Work request :: Each entry that follows is to be copied exactly, minus any pictures.

Records from a dataset ::
============================================================

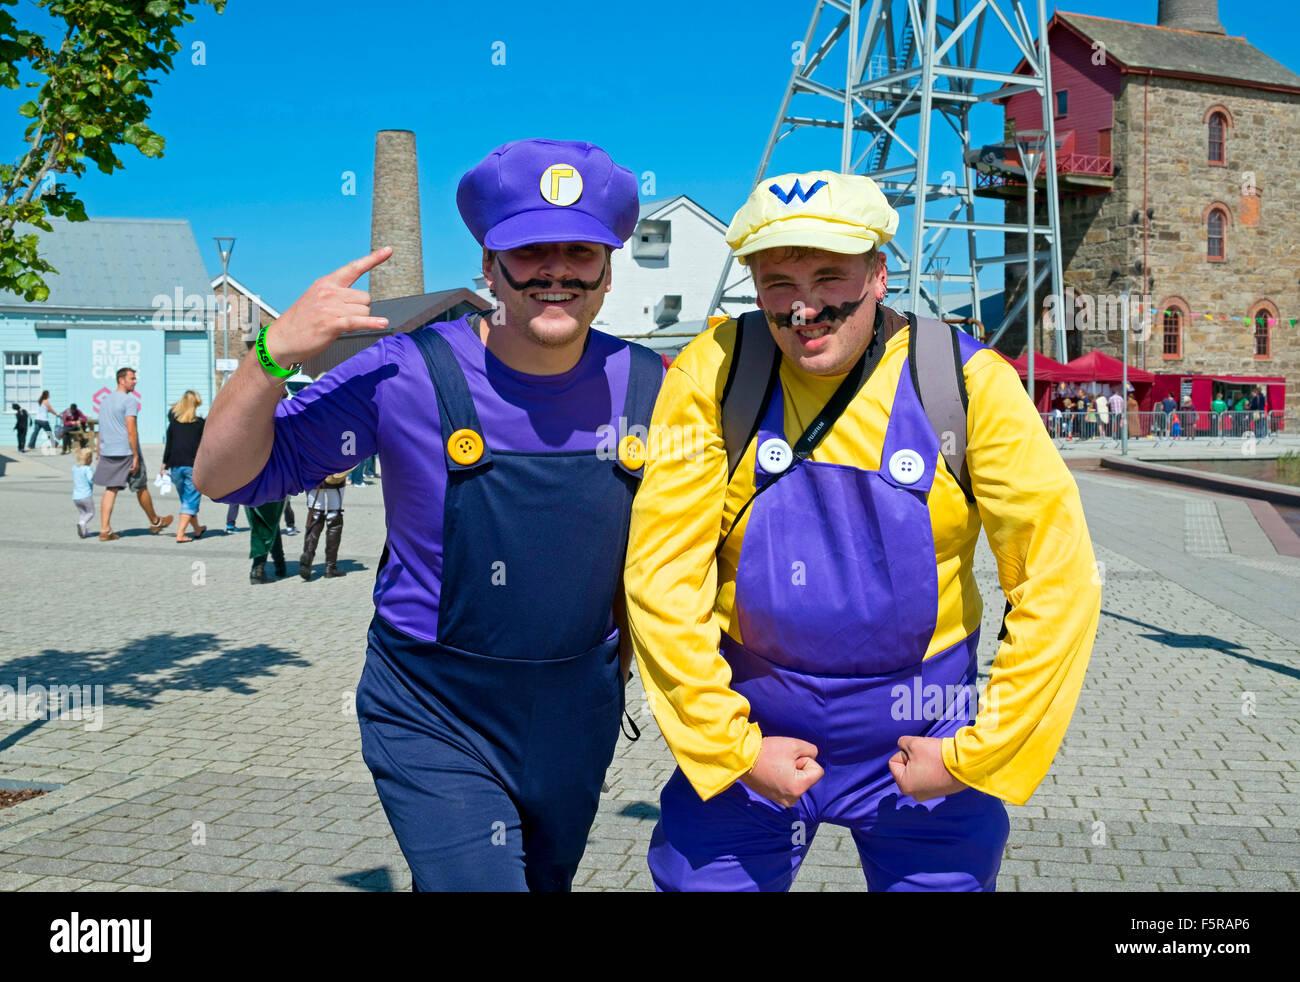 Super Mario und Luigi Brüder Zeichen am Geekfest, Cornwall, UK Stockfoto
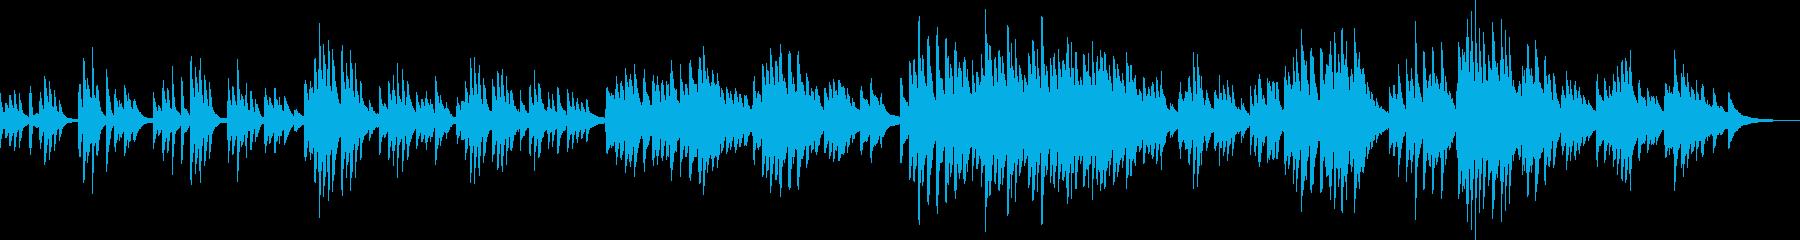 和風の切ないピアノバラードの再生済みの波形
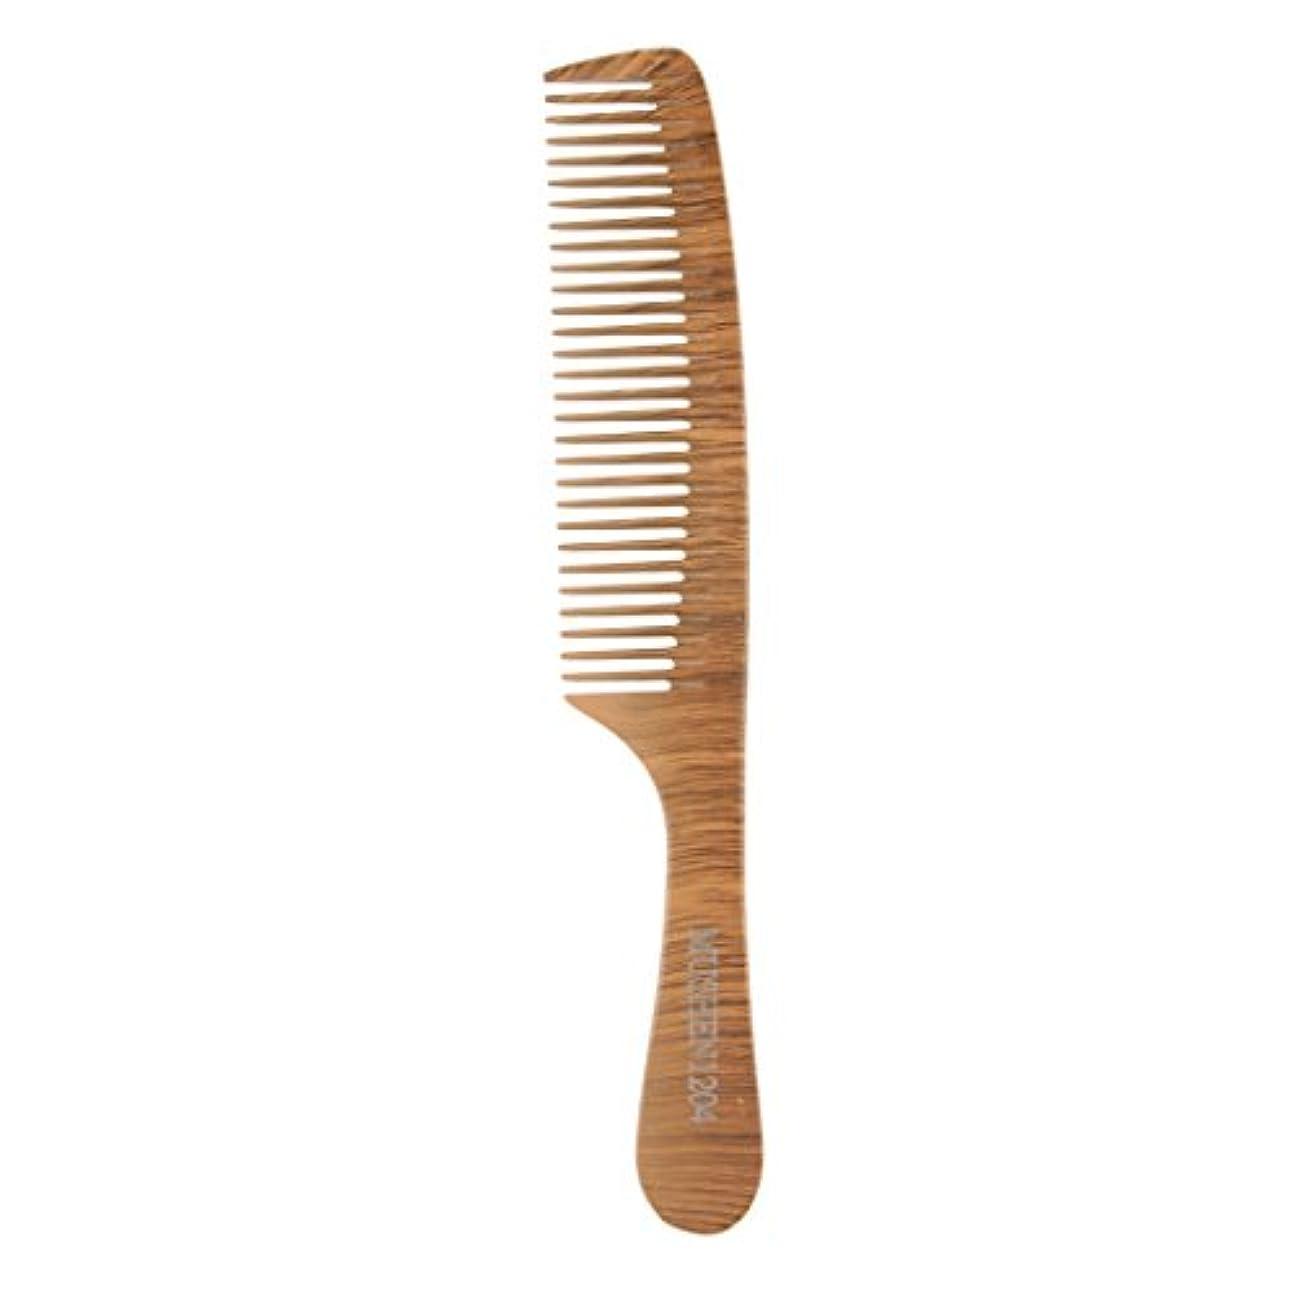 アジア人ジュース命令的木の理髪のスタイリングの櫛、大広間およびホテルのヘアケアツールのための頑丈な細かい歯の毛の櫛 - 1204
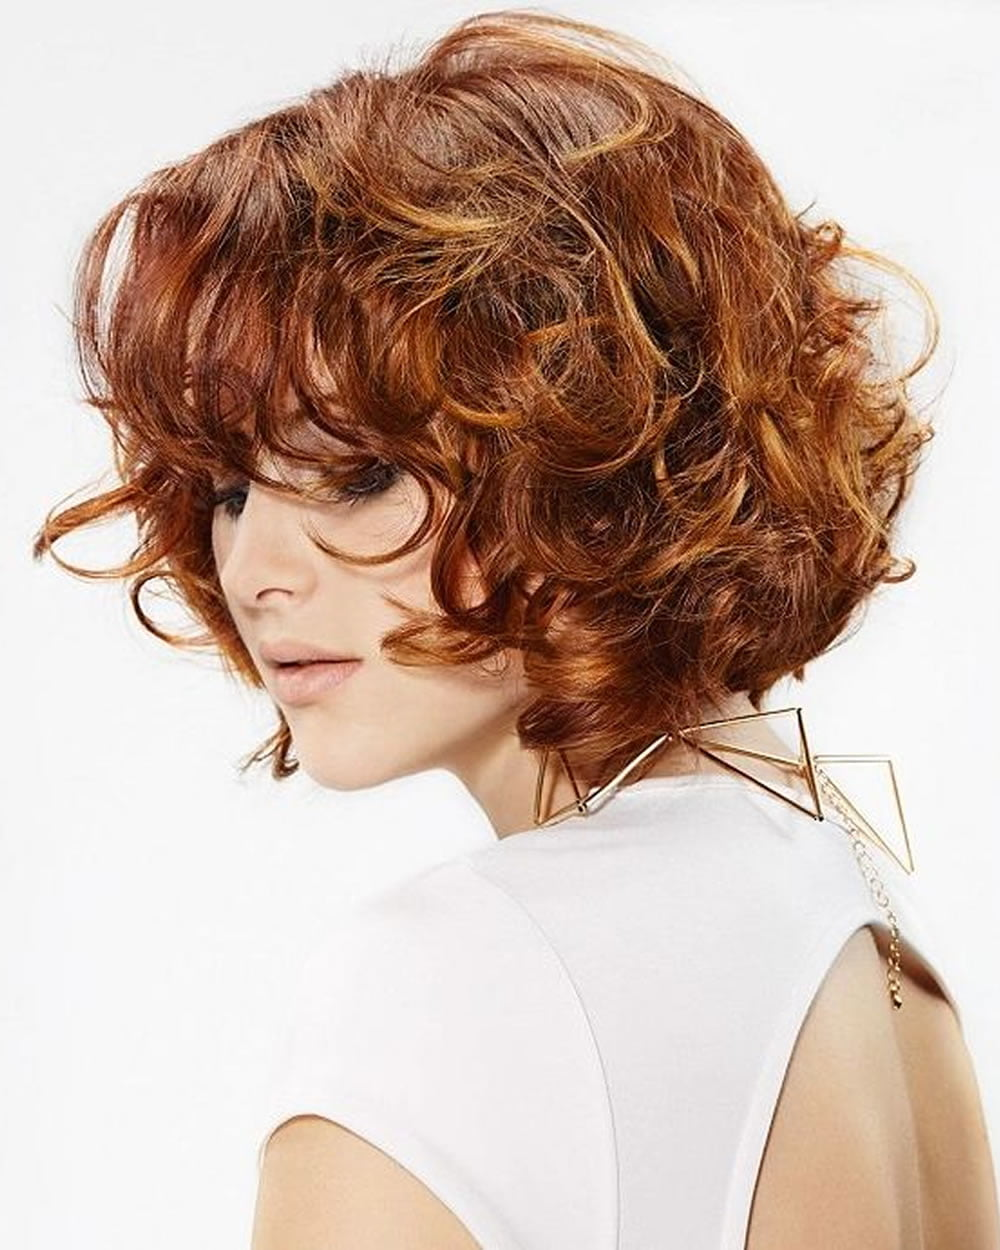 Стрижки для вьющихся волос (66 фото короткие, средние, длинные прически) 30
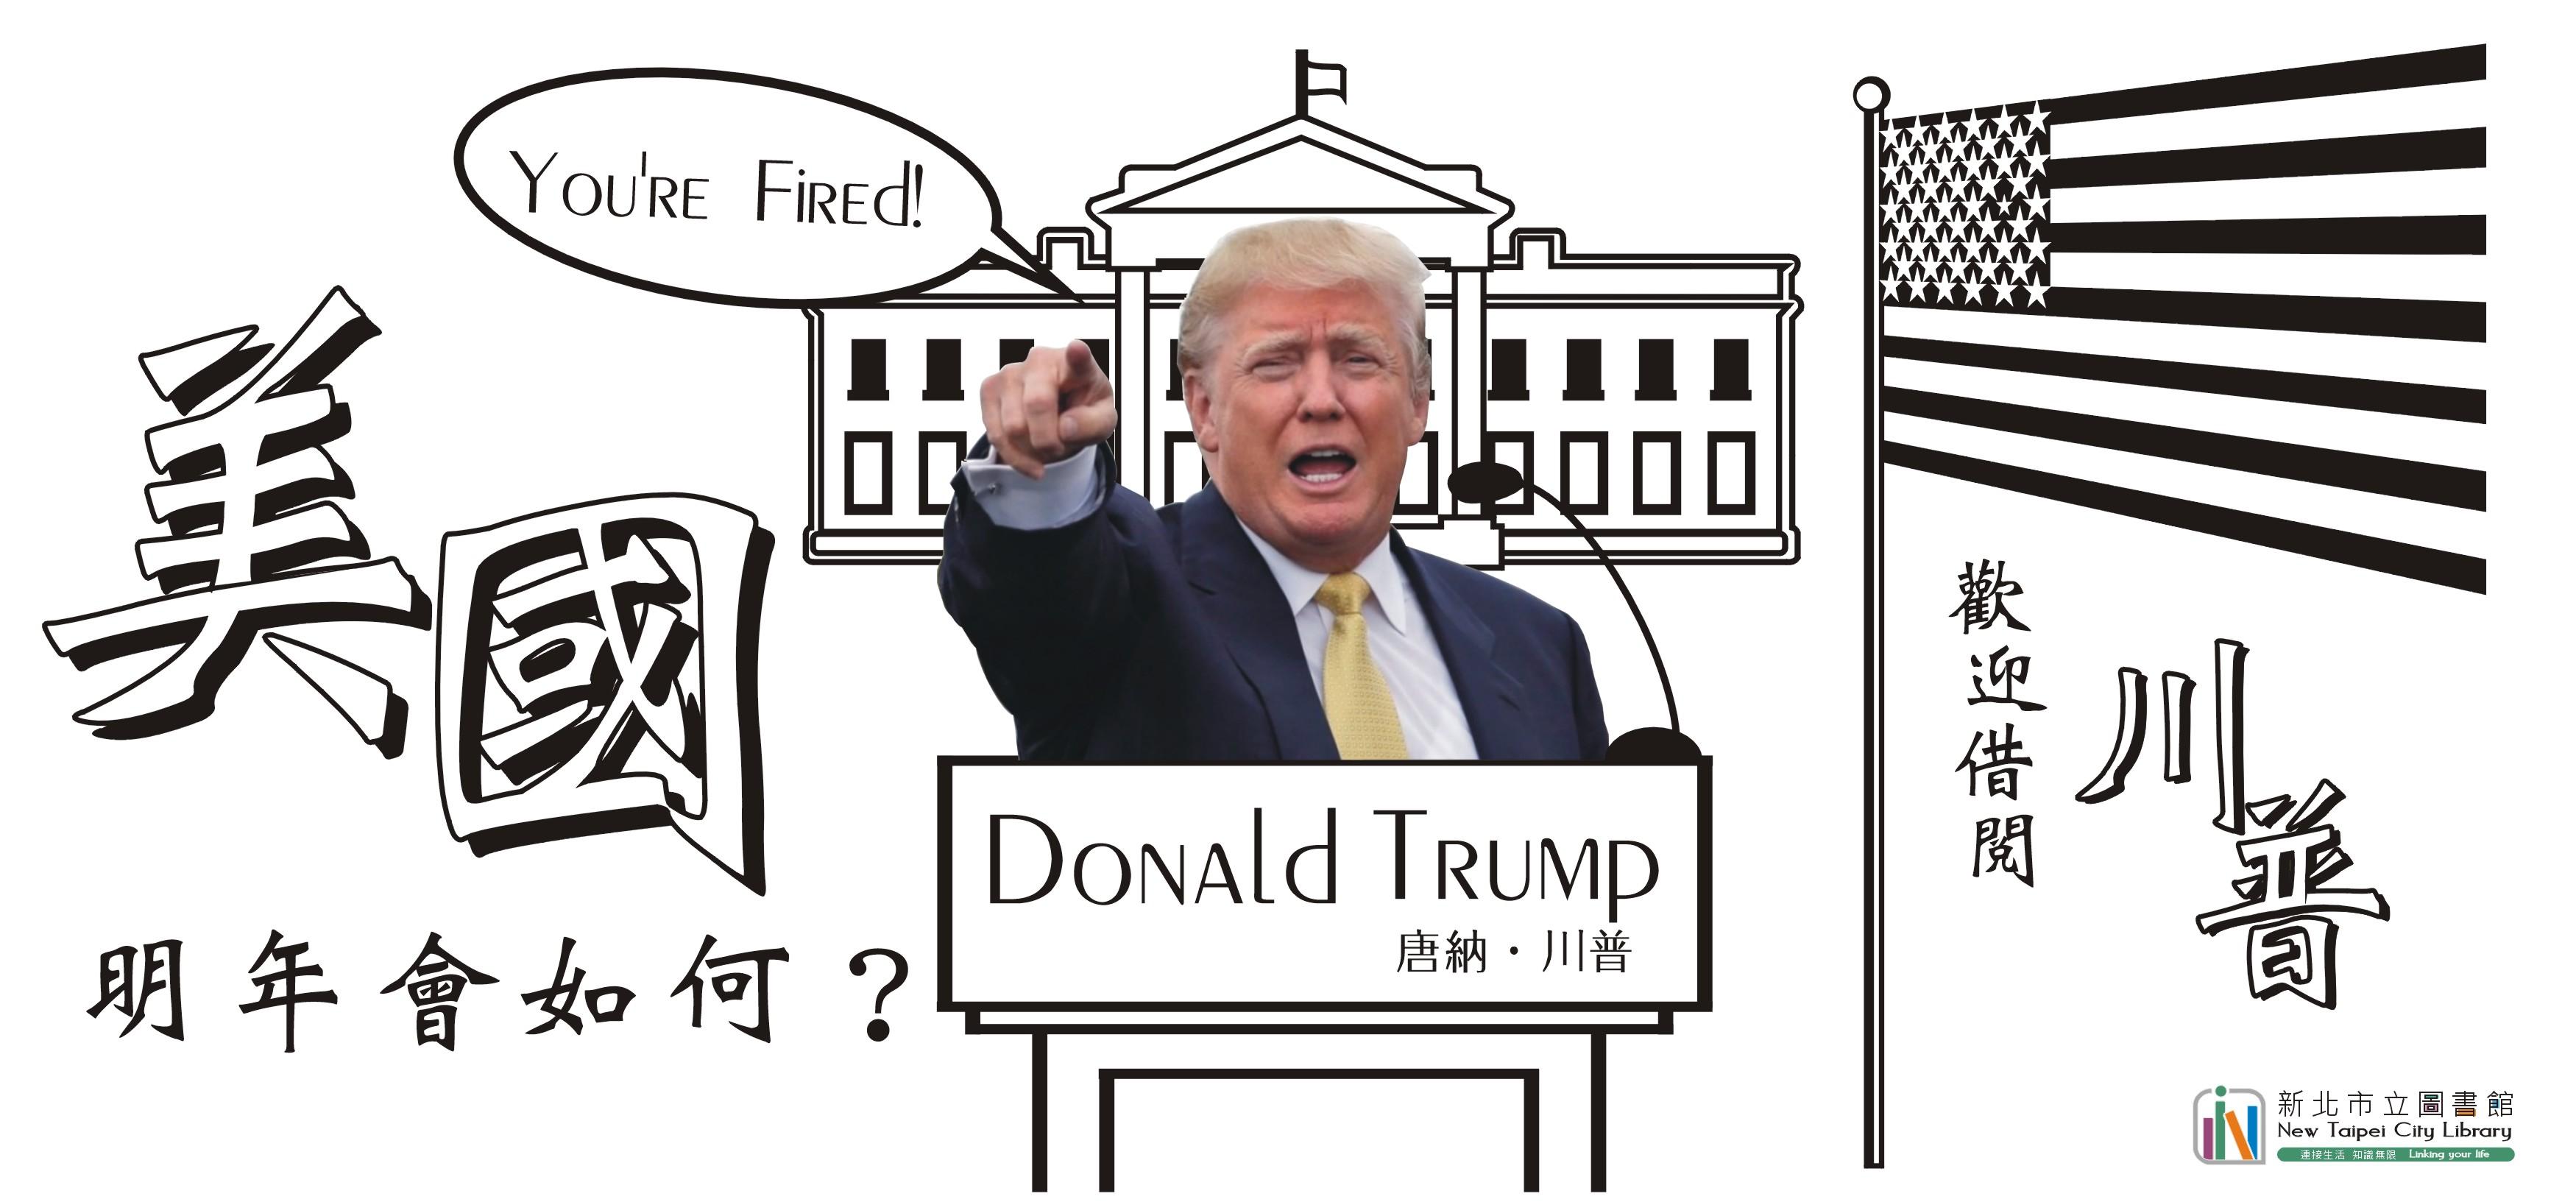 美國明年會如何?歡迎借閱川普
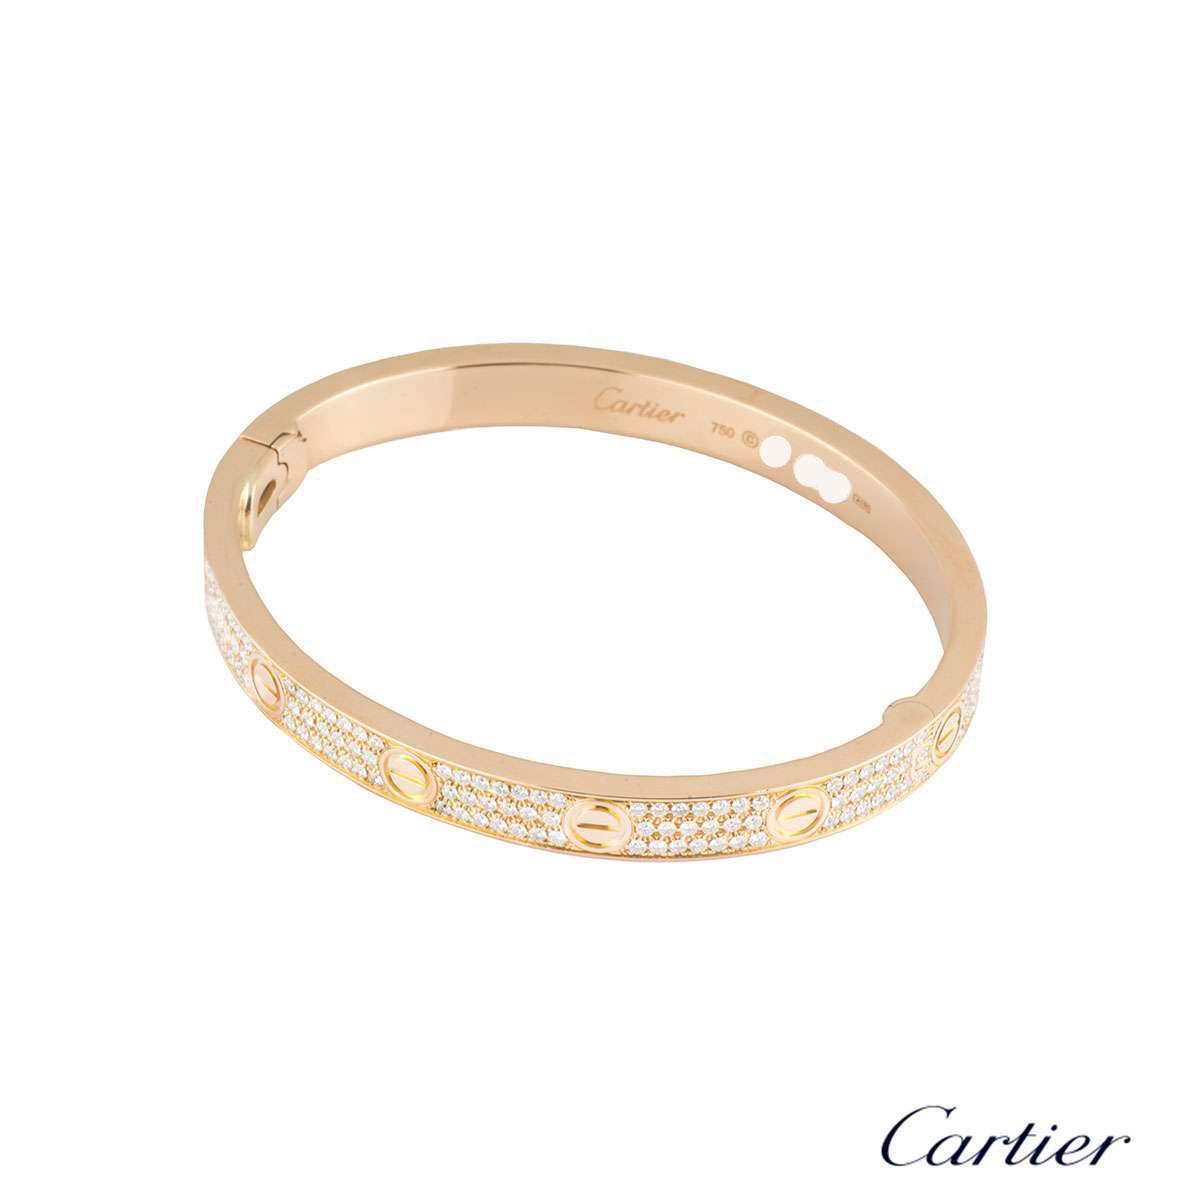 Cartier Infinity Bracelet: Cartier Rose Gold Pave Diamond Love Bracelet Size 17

============================================================

Response below ::
 Super Mario und Luigi Brüder Zeichen am Geekfest, Cornwall, UK Stockfoto
 和風の切ないピアノバラードの再生済みの波形
 アジア人ジュース命令的木の理髪のスタイリングの櫛、大広間およびホテルのヘアケアツールのための頑丈な細かい歯の毛の櫛 - 1204
 Стрижки для вьющихся волос (66 фото короткие, средние, длинные прически) 30
 美國明年會如何?歡迎借閱川普
 Cartier Infinity Bracelet: Cartier Rose Gold Pave Diamond Love Bracelet Size 17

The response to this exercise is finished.